2025 was supposed to be the year of the AI agent, right?
Not at all, accept Google Cloud and Replit – two big players and partners in the AI agent field "vibe coding" Movement – Recently at the VB Impact Series event.
Even though they make agentic devices themselves, leaders of both companies say the capabilities are not yet complete.
This disrupted reality comes from struggles with legacy workflows, fragmented data, and immature governance models. Furthermore, enterprises fundamentally misunderstand that agents are not like other technologies: they require fundamental rethinking and reworking of workflows and processes.
When enterprises are building agents to automate work, “most of them are toy examples,” Replit CEO and founder Amjad Masad said during the event. “They get excited, but when they start implementing it, it’s really not working very well.”
Creating agents based on Replit’s own mistakes
Reliability and integration, rather than intelligence, are the two primary barriers to AI agent success, Massad said. Agents often fail when running for long periods of time, accumulating errors, or lacking access to clean, well-structured data.
The problem with enterprise data is that it’s messy – it’s structured, unstructured, and stored everywhere – and crawling it is a challenge. Additionally, there are many unwritten things that people do that are difficult to encode in agents, Massad said.
“The idea that companies are just going to turn on agents and agents will replace workers or automatically do workflow automation, that’s not the case today,” he said. “The tooling isn’t there.”

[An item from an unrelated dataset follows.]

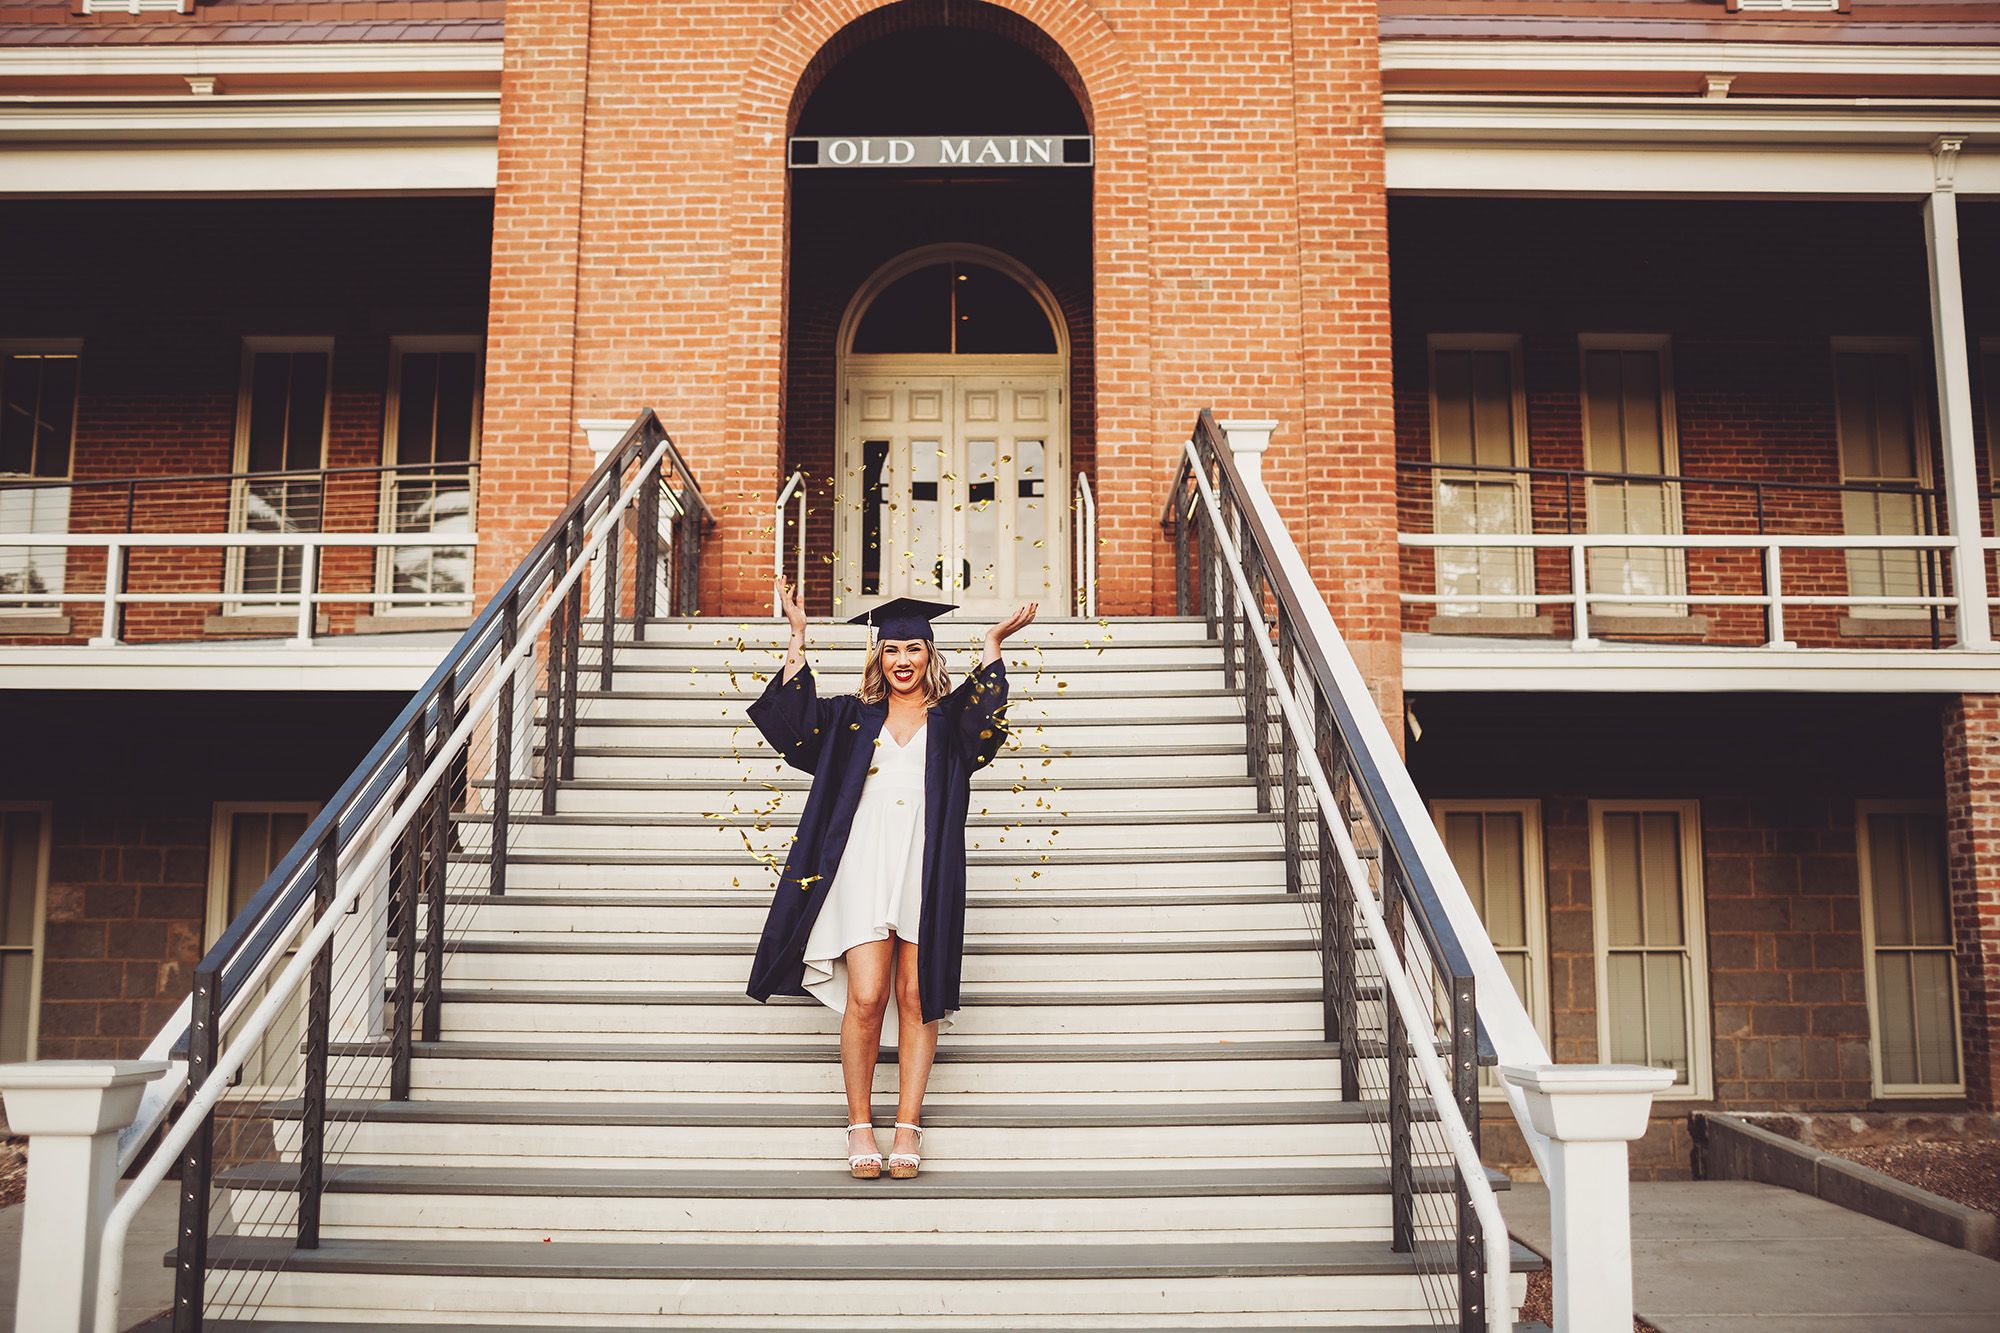 Shelby tosses confetti into the air on the steps of the Old Main building at the University of Arizona during her senior session with Belle Vie Photography

Extending beyond agents are computer usage tools that can take over a user’s workspace for basic tasks such as web browsing. But these are still in their infancy and, despite quick promotion, can be buggy, unreliable, and even dangerous.
“The problem is that computer usage models are really bad right now,” Massad said. “They’re expensive, they’re slow, they’re making progress, but they’re only a year old.”
Replit is learning from its own mistake earlier this year, when its AI coder was destroyed A company’s entire code base In a testing phase. Massad admitted: “The tools were not mature enough,” noting that the company has since separated development from production.
Techniques like testing-in-the-loop, verifiable execution, and development isolation are essential, he said, even though they can be extremely resource-intensive. Replit incorporated in-the-loop capabilities in version 3 of its agent, and Masad said its next-generation agent can operate autonomously for up to 200 minutes; Some have run it for 20 hours.
Still, he acknowledged that users have expressed frustration with lag times. When they give a “heavy signal”, they may have to wait for 20 minutes or more. Ideally, they have expressed that they would like to be involved in a more creative loop where they can enter multiple signals, work on multiple tasks simultaneously, and adjust the design while the agent is working.
“The way to solve this is parallelism, creating multiple agent loops and having them work on these independent features while allowing them to do creative work at the same time,” he said.
Agents need cultural change
Beyond the technical perspective, there’s a cultural barrier: Agents work probabilistically, but traditional enterprises are structured around deterministic processes, said Mike Clark, director of product development at Google Cloud. This creates a cultural and operational mismatch as LLMs engage with all new tools, orchestration frameworks, and processes.
“We don’t know how to think about agents,” Clark said. “We don’t know how to address what agents can do.”
He said the companies that are doing it right are driven by bottom-up processes: building no-code and low-code software and tools in the trenches that reach big agents. So far, deployments that have been successful have been narrow, carefully scoped, and heavily monitored.
“If I look at 2025 and it promises to be the year of the agents, this was the year a lot of people spent prototyping,” Clark said. “We are now in the midst of this massive scale phase.”
How do you protect a pasture-less world?
Clark said another struggle is AI agent security, which also requires rethinking traditional processes.
Security perimeters have been drawn around everything, Clark said — but that doesn’t work when agents need to be able to access many different resources to make the best decisions.
“This is really changing our security model, changing our base level,” he said. “What does minimum privilege mean in a pasture-less defenseless world?”.
Ultimately, there must be a rethinking of governance on behalf of the entire industry, and enterprises must align on a single threat model around agents.
Clark pointed out the disparity: “If you look at some of your governance processes, you’d be very surprised that the genesis of those processes was someone typing in triplicate on an IBM electric typewriter and handing it out to three people. That’s not the world we live in today.”